Mayor Quan, Oakland Needs 10,000 Jobs, Not 10,000 Housing Units!

Mayor Quan
Mayor Quan
Oakland Mayor Jean Quan is obviously desperate to maintain her job as Mayor of Oakland. She’s proposed a new version of an old initiative to build 10,000 new housing units, and is set to introduce the idea at tonight’s State of The City Address – perhaps to a chorus of boos from the balcony.

Oakland doesn’t need 10,000 new housing units, it needs 10,000 new jobs. That Jean Quan would propose housing over employment shows she’s totally out of touch with the needs of Oaklanders, and that our economic development program is all-but non existent.

The last time I checked, Oakland’s unemployment rate was still high. It currently stands at 11 percent, and while that’s down from 16 percent in 2009, it’s still around two percent higher than for California (which is at 8.9 percent) and double that for San Francisco, which stands at 5.6 percent. And what’s equally disturbing is that Oakland was the robbery capital of America in 2013 and shows little signs of abating in 2014. What do some people do when they can’t find work for an extend period, and don’t see a way out of their situation? Some turn to robbing others, and there’s a lot of that activity in Oakland.

With the unemployment rate and the robbery rate, you don’t have to be a rocket scientist to know that Oakland needs to attract new business operations. You’d think Oakland would have an effort to market itself to businesses looking to move, right? Well, it doesn’t.

The “Advantage Oakland” effort is an initiative to attract business, but to Oakland County, Michigan, not to Oakland California. Yes, Oakland has a set of business relocation assistance programs to draw from, and currently lists Zack Seal as the contact person regarding them, but they’re buried in the City of Oakland website, where you’d have to think of relocating to Oakland to even put yourself in a position to find them. That pretty much means Zack Seal’s got a cush desk job, rather than having a set of marketing tools and a travel budget, and going out to meet manufacturing business owners around America and selling Oakland to them

Mayor Quan’s Administration doesn’t know how to do that. What it knows how to do is chase real estate developers to build housing projects, but that’s an old thing, and has been part of Oakland’s political culture for decades. Many of the developers are local, and pay in to the campaign coffers of Oakland’s city councilmembers, and so are poised to do business here.

But that’s not what Oakland needs, because it’s done nothing to change that unemployment rate.
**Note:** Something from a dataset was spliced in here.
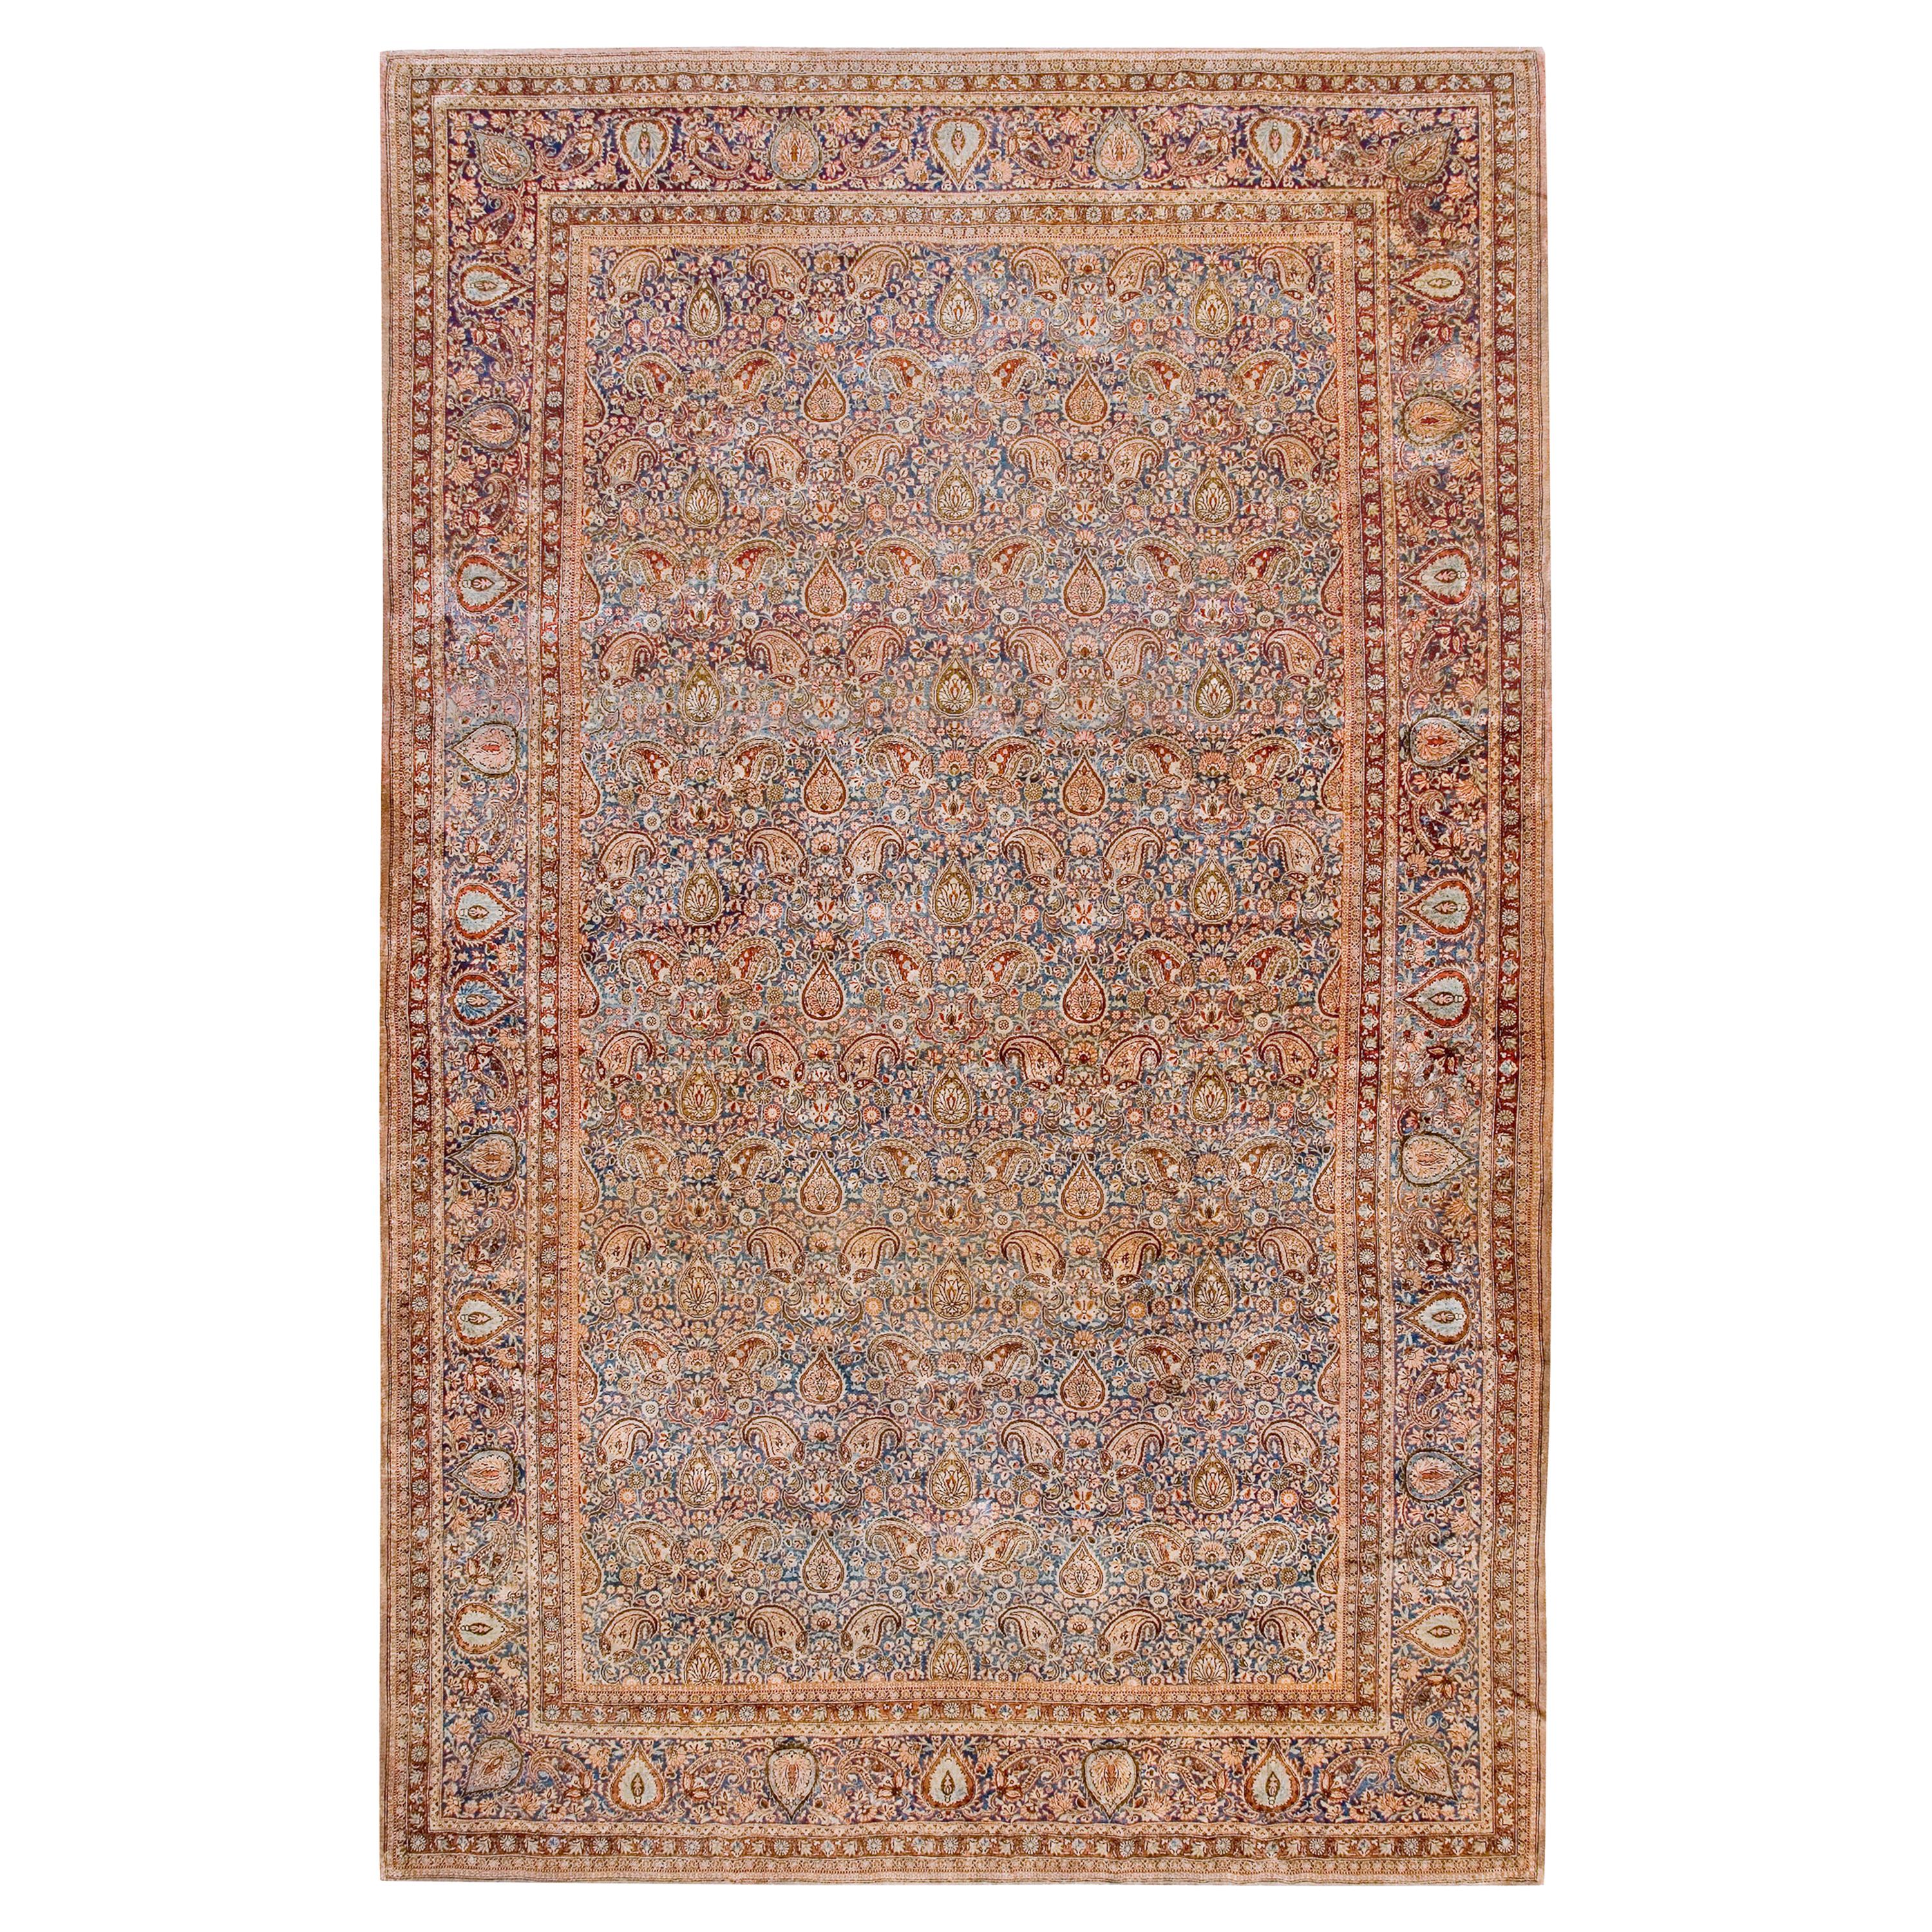 Early 20th Century Persian Dabir Kashan Carpet ( 10'4" x 16'10" - 315 x 513 )

We’ve had thousands of units of housing built since 2000, and over that entire time, Oakland’s unemployment rate has not once dipped below the average for the State of California. By contrast, San Francisco, which hovered around the State’s average before 2006, moved below it, and is now well-below it.
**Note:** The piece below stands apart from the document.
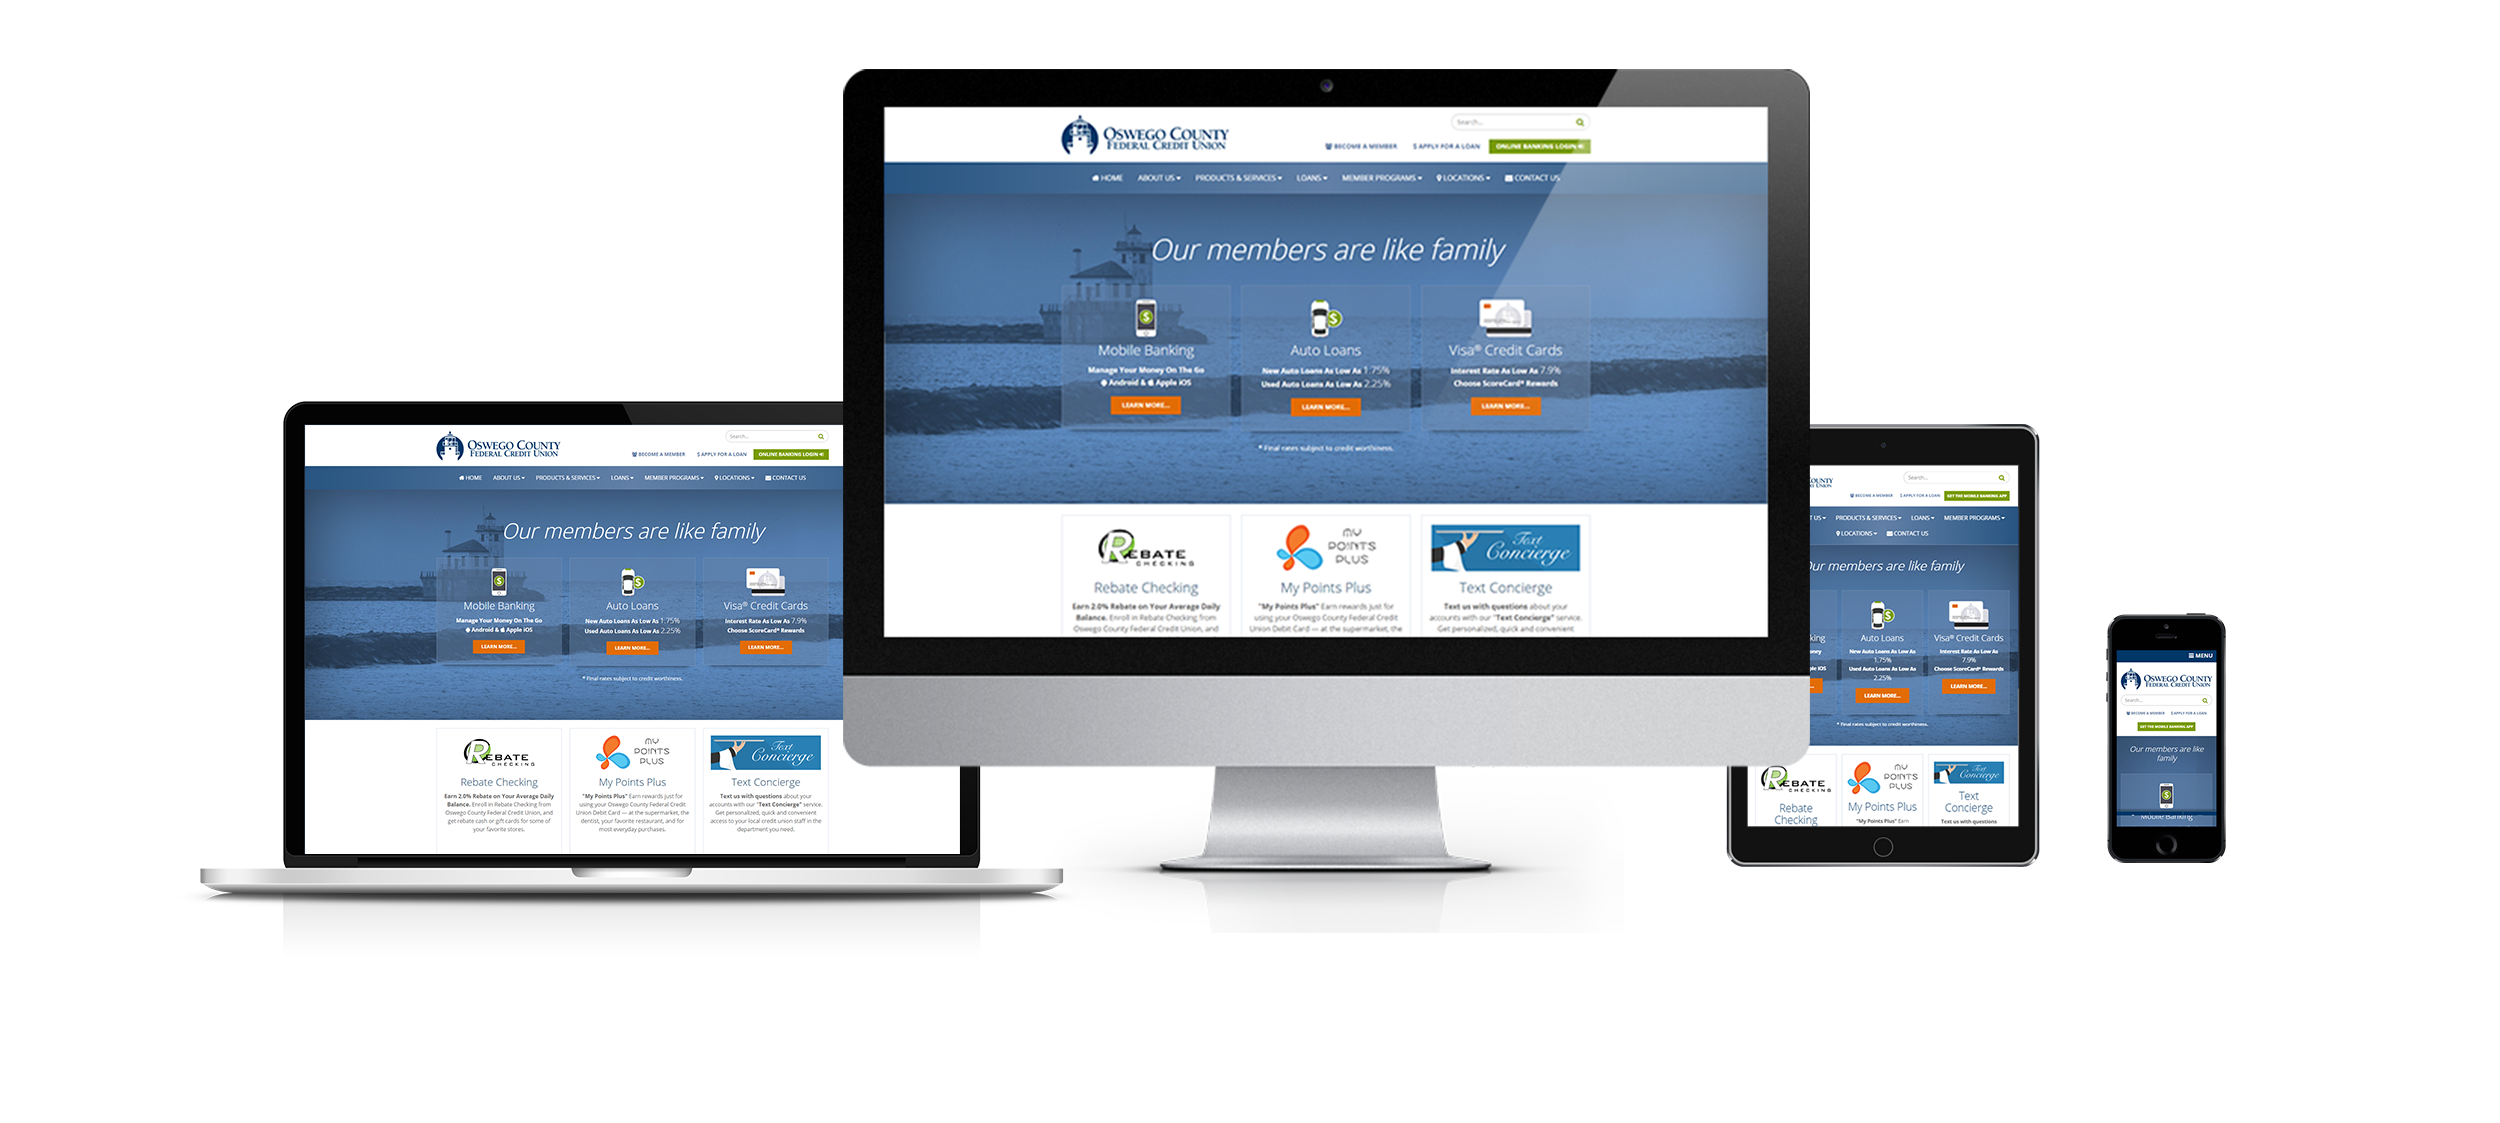 credit union website design responsive web design for oswego fcu from acs

San Francisco has a more desk-top professional class of worker than Oakland, which has been historically blue collar. What has happened is Oakland basically gave up going after manufacturing jobs. It’s not really that we stopped making things in America, but that Oakland never went after businesses that made things once it lost those that did make things and that happened during the 70s and 80s.

As an intern in the Oakland Office of Economic Development in 1987, I formed an initiative that would have saved Oakland’s apparel makers, many located in West Oakland, and I think would have built that area into a local fashion capital today. It was called The Oakland Apparel Incubator and the idea was to convert a warehouse into a giant space for seamstresses, designers, and all that make up Oakland’s small apparel workers, and basically equip them with a set of people and communications systems that would allow them to get orders from around the World and then ship out what they make in an efficient way. The idea was to set up a kind of flexible apparel manufacturing concern in West Oakland.

Outside of California Capital Groups’ Oakland Global Project, I’ve not seen any initiative that creates business and job opportunities for Oaklanders, especially those who make things. Oakland doesn’t even embrace its creative music culture, and tries to ignore its deep history in the rap music genre. That, unless you’re out of your mind, is also a form of manufacturing.

Oakland misses all of that, efforts that would create jobs, and under Jean Quan as Mayor, as the nerve to try and build more housing, thus pushing up the economic forces that have pushed many Oaklanders out of their apartments because they can’t afford them any more.

If Mayor Quan did this to get reelected, it was nothing short of a stupid move. Sorry to be mean, but Oakland needs jobs, not housing. Heck, the housing will follow the jobs anyway – that’s urban planning 101, and something obviously lost on Quan’s Administration.

This will be Mayor Quan’s last State of The City Address.